# Cast iron and eggs



## doingitmyself (Jul 30, 2013)

This morning i cooked sausage links and eggs in my most excellent 12" cast iron skillet. I have cooked bacon many, many times and never had a lick of trouble. But this morning after i cooked the links i pushed them over to the edges and cracked my eggs into the middle of the skillet just as i have done for years, an then they stuck to the pan!!! I was able to get em off and enjoy my breakfast but but there certainly was a crusty layer of brown grunge in my perfectly seasoned 80 year old pan !!! Should i have added grease? I thought the fat from the links would be enough, like i said bacon had never been an issue.

After i plated my eggs and links I added a bit of water and let it sit for a few minutes and the grunge came off easily enough but what happened? I was thinking some of the casing on the links perhaps stuck? I rarely do links ever but just wanted something different for a change so i picked em up. If links do this i will just stick to patty's! Any thoughts!!!


----------



## TenBusyBees (Jun 15, 2011)

I don't have good luck using (store bought) sausage grease for eggs either. I suspect sugar is the culprit.

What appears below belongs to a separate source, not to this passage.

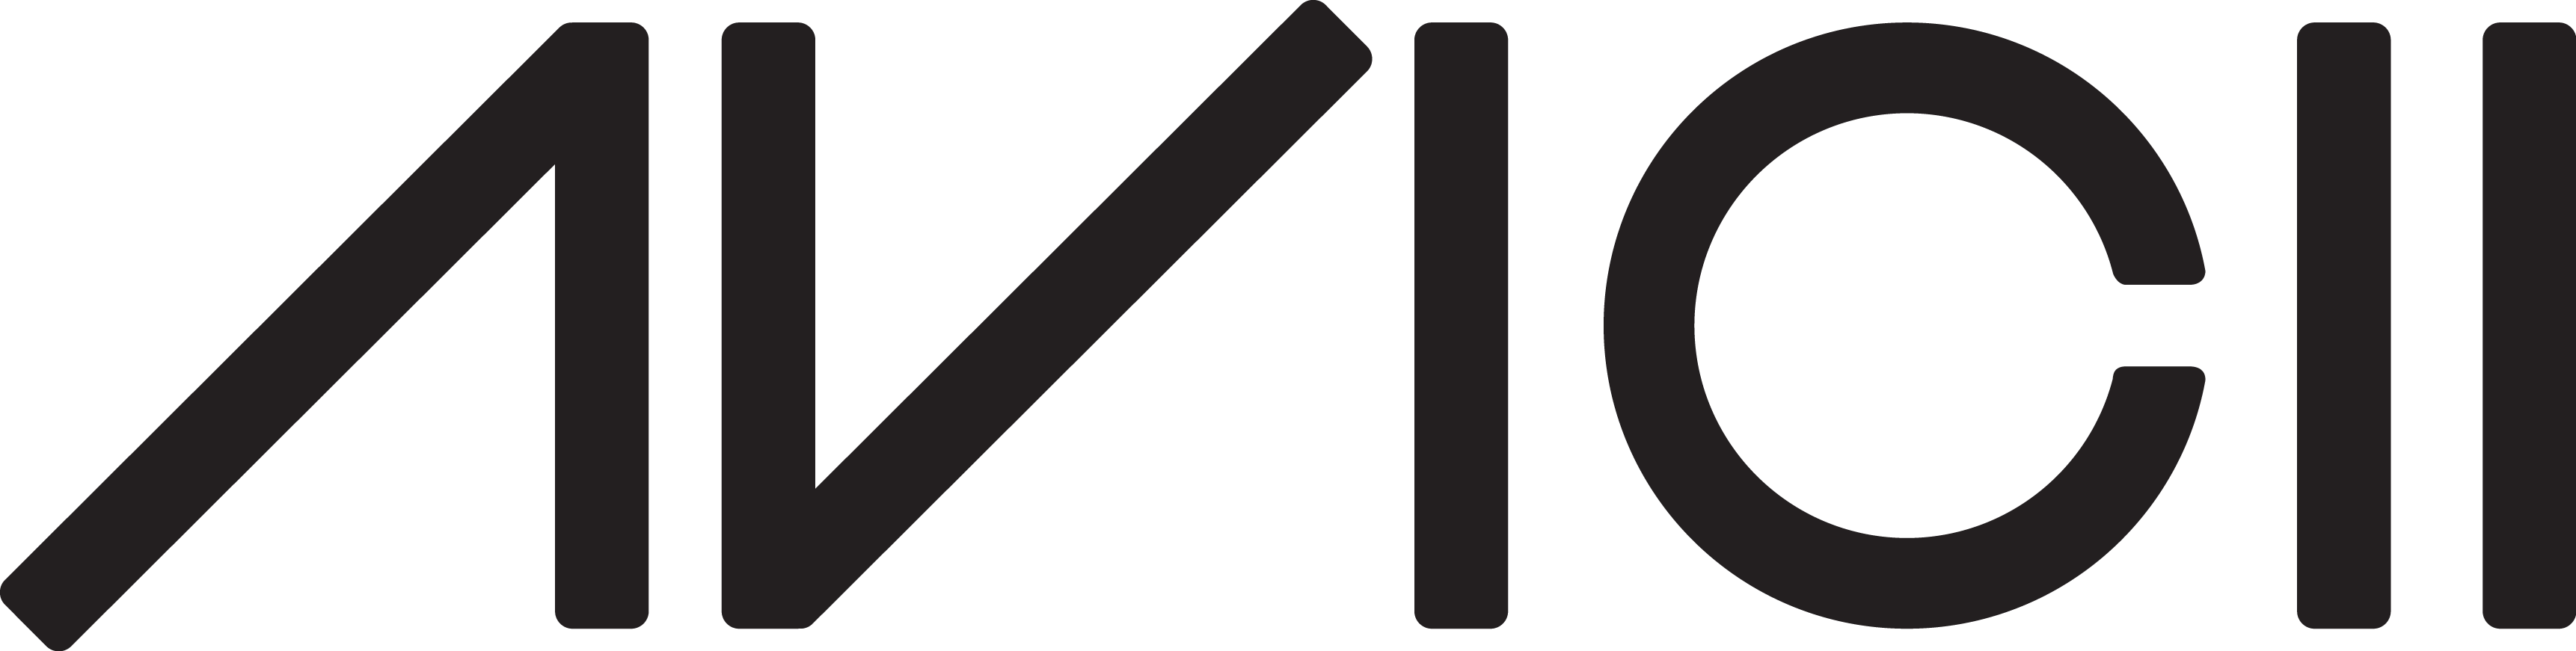 Avicii Logo [eps Dj] - Avicii Rest In Peace (3444x871)

My eggs do fine with my homemade sausage....I don't use sugar.


----------



## arnie (Apr 26, 2012)

I think sugar is the scret ingredient in lots of sausage an ham. I used a seasoning mix and grilled onions on some burgers and the sugar in there made for some extra work in cleaning my pan . live n learn I suppose ,


----------



## mrs whodunit (Feb 3, 2012)

Store bought sausage links have terrible sticky grease.... I agree with Arnie must be sugar.


----------



## Melesine (Jan 17, 2012)

Add me to the list of those saying that they think it's the sugar in the sausage. I don't have that issue when using my homemade sausage, which doesn't have any sugar but store bought I do and always use a separate pan for eggs when using store bought sausage.


----------



## doingitmyself (Jul 30, 2013)

It must have been the sugar in the store bought links. I have done my eggs many times, usually with bacon and never an issue.


----------



## earthymomma (May 13, 2014)

Good to know!! I just re seasoned an old cast iron skillet I got at a flea market for $2, it's been wonderful until I went to make eggs after sausage the other night! Now I know why ;-) lol


----------